# Utah Barbie Dolls



## The Naturalist (Oct 13, 2007)

Have fun reading if you haven’t seen these before>









Mattel Recently announced the release of limited-edition Barbie Dolls for the Utah market:

' Park City Barbie'
She comes with an assortment of Kate Spade Handbags, a Lexus SUV, a long-haired foreign dog named Honey and a million dollar home. Available with or without tummy tuck and face lift. Workaholic Ken sold only in conjunction with the augmented version.
--------------------------------------------------------------------------------------------------------

'Sandy Barbie'
The modern day homemaker Barbie is available with Ford Wind star Minivan and matching gym outfit. She gets lost easily and has no full-time occupation. Traffic jamming cell phone sold separately.
----------------------------------------------------------------------------------------------------------

'Ogden Barbie'
This recently paroled Barbie comes with a 9mm handgun, a Ray Lewis knife, a Chevy with dark tinted windows, and a meth Lab Kit. This model is only available after dark and must be paid for in cash (preferably small, untraceable bills) unless you are a cop; then we don't know what you are talking about.
-------------------------------------------------------------------------------------------------------

'DraperBarbie'
This yuppie Barbie comes with your choice of BMW convertible or Hummer H2. Included are her own Starbucks cup, credit card and country club membership. Also available for this set are Shallow Ken and Private School Skipper. You won't be able to afford any of them.
----------------------------------------------------------------------------------------------------------

"Gunnison/Centerfield" Barbie'
This pale model comes dressed in her own Wrangler jeans two sizes too small, a NASCAR t-shirt and Tweety Bird tattoo on her shoulder. She has a six-pack of Bud light and a Hank Williams Jr. CD set. She can spit over 5 feet and kick Mullet-Haired Ken's butt when she is drunk. Purchase her pickup truck separately and get a confederate flag bumper sticker absolutely free.
----------------------------------------------------------------------------------------------------------



"Vernal Barbie'
This tobacco-chewing, brassy-haired Barbie has a pair of her own high-heeled sandals with one broken heel from the time she chased Beer-Gutted Ken out of Spanish Fork Barbie's house. Her ensemble includes low-rise acid-washed jeans, fake fingernails, and a see-through halter-top. Also available with a mobile home.
-------------------------------------------------------------------------------------------------------

' MoabBarbie'
This doll is made of actual tofu.

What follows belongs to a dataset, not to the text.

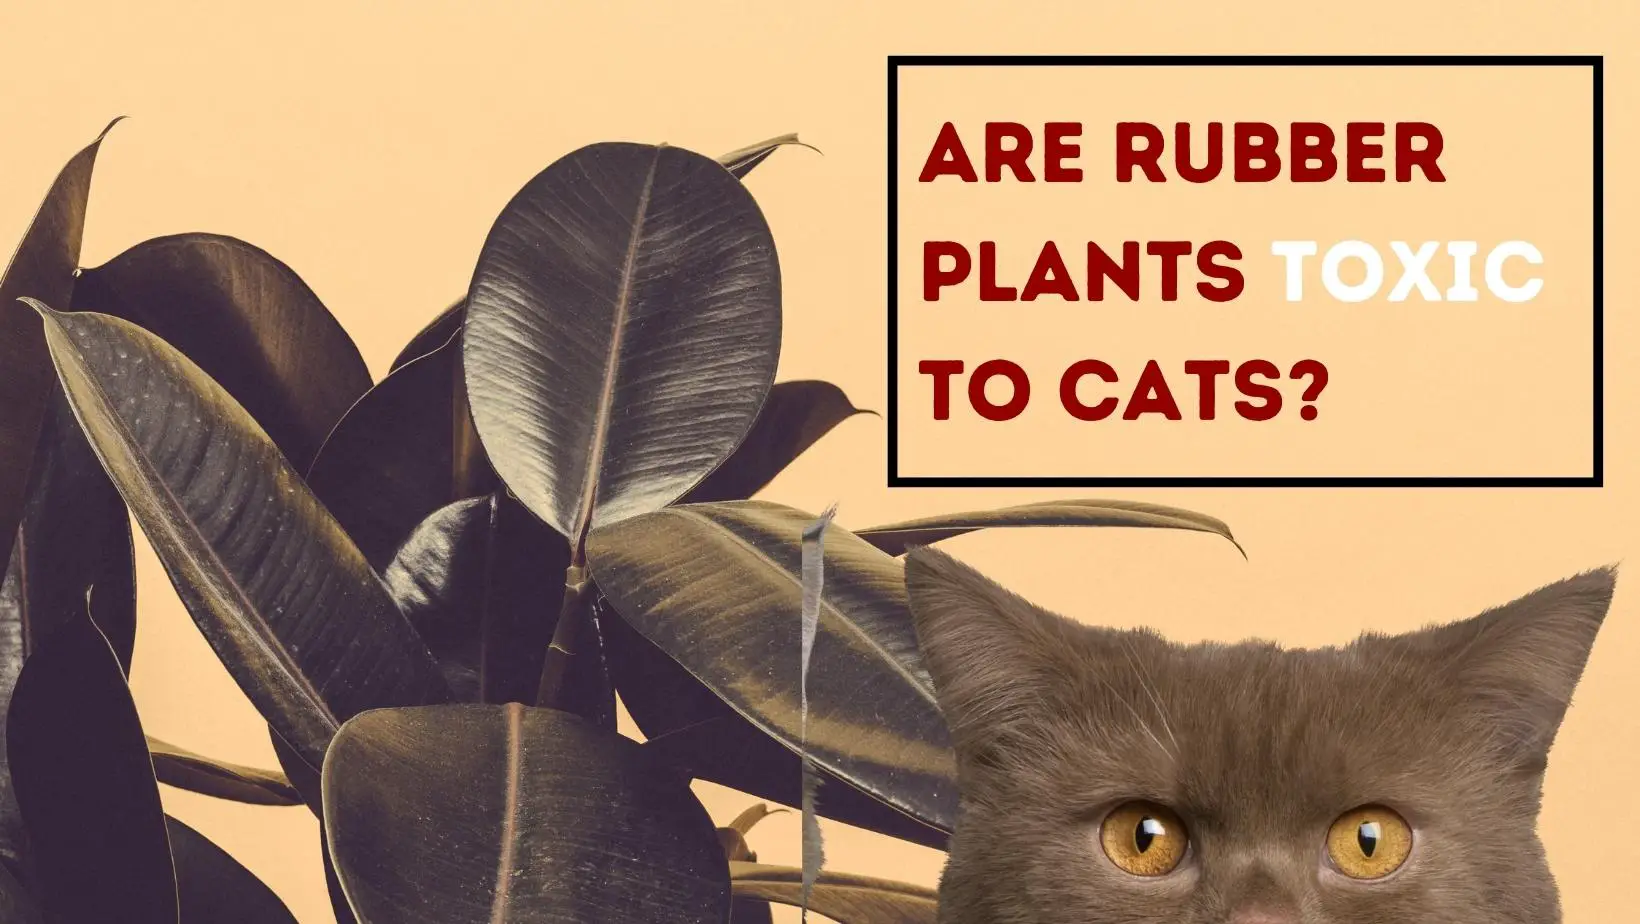 Are Rubber Plants Toxic to Cats?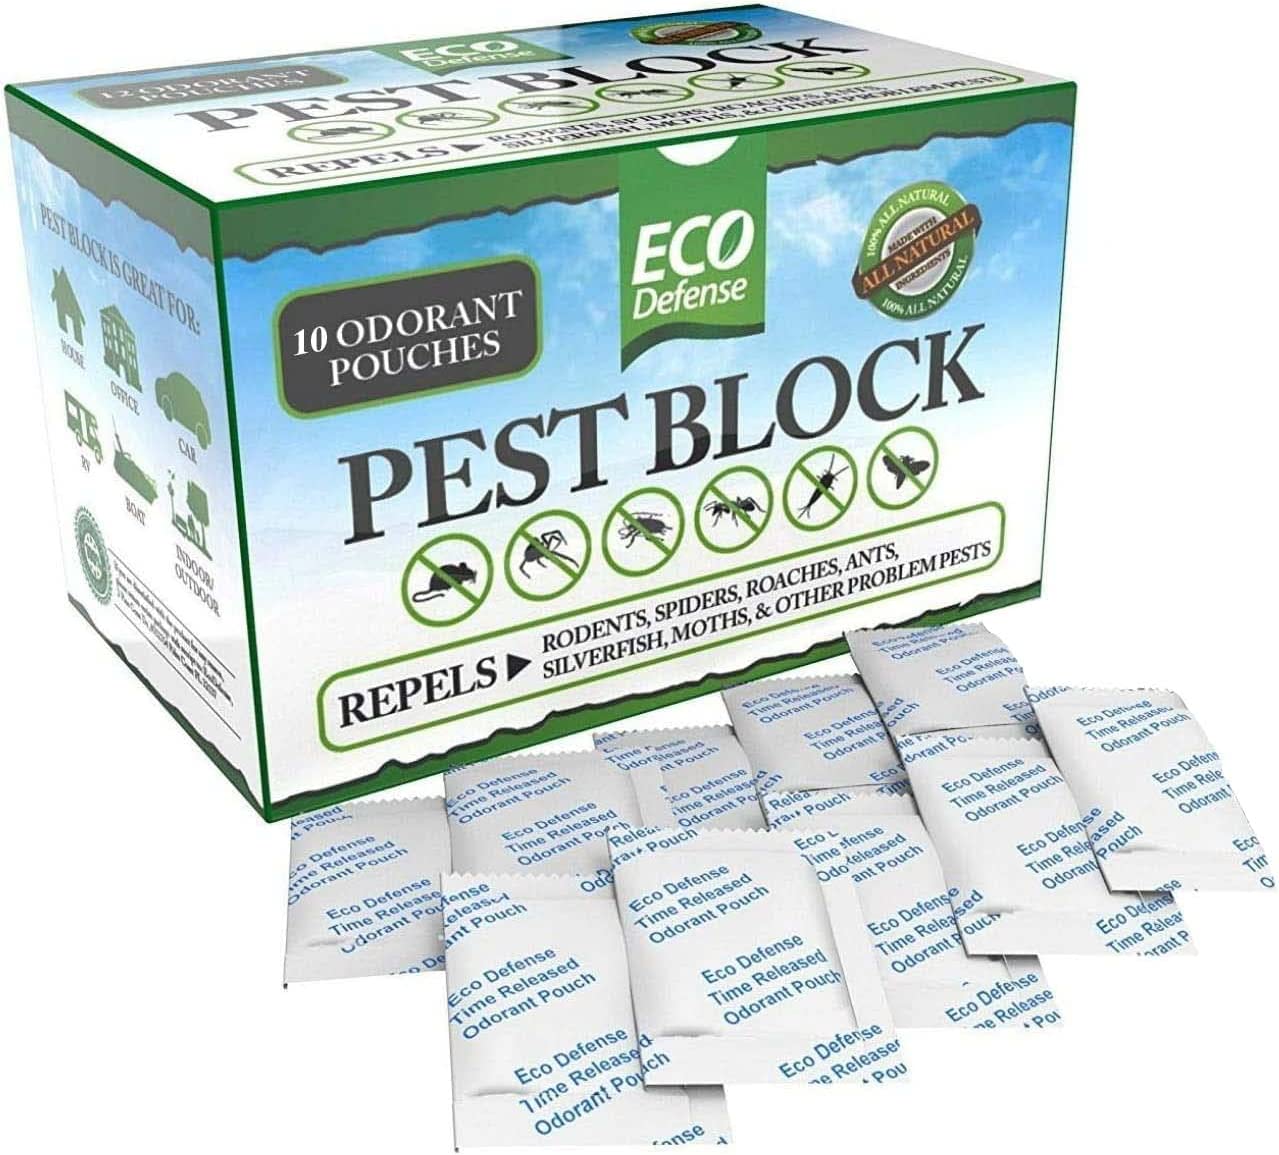 Eco Pro Pest Control Rat and Mouse Bait Station 2 Pack - Quickly

She has long straight brown hair, arch-less feet, hairy armpits, no makeup and Birkenstocks with white socks. She prefers that you call her Willow . She does not want or need a Ken doll, but if you purchase two MoabBarbies and the optional Subaru wagon, you get a rainbow flag bumper sticker for free.
---------------------------------------------------------------------------------------------------------
' West ValleyBarbie'
This Barbie now comes with a stroller and 2 infant dolls. Optional accessories include a GED and bus pass. White boyGangsta Ken and his 1979 Caddy were available, but are now very difficult to find since the addition of the infant.
----------------------------------------------------------------------------------------------------------

' Provo / BYUBarbie'

She's perfect in every way, mainly due to the high levels of antidepressants in her system.. We don't know where Ken is because he's always at church meetings.


----------



## wyogoob (Sep 7, 2007)

The best!


----------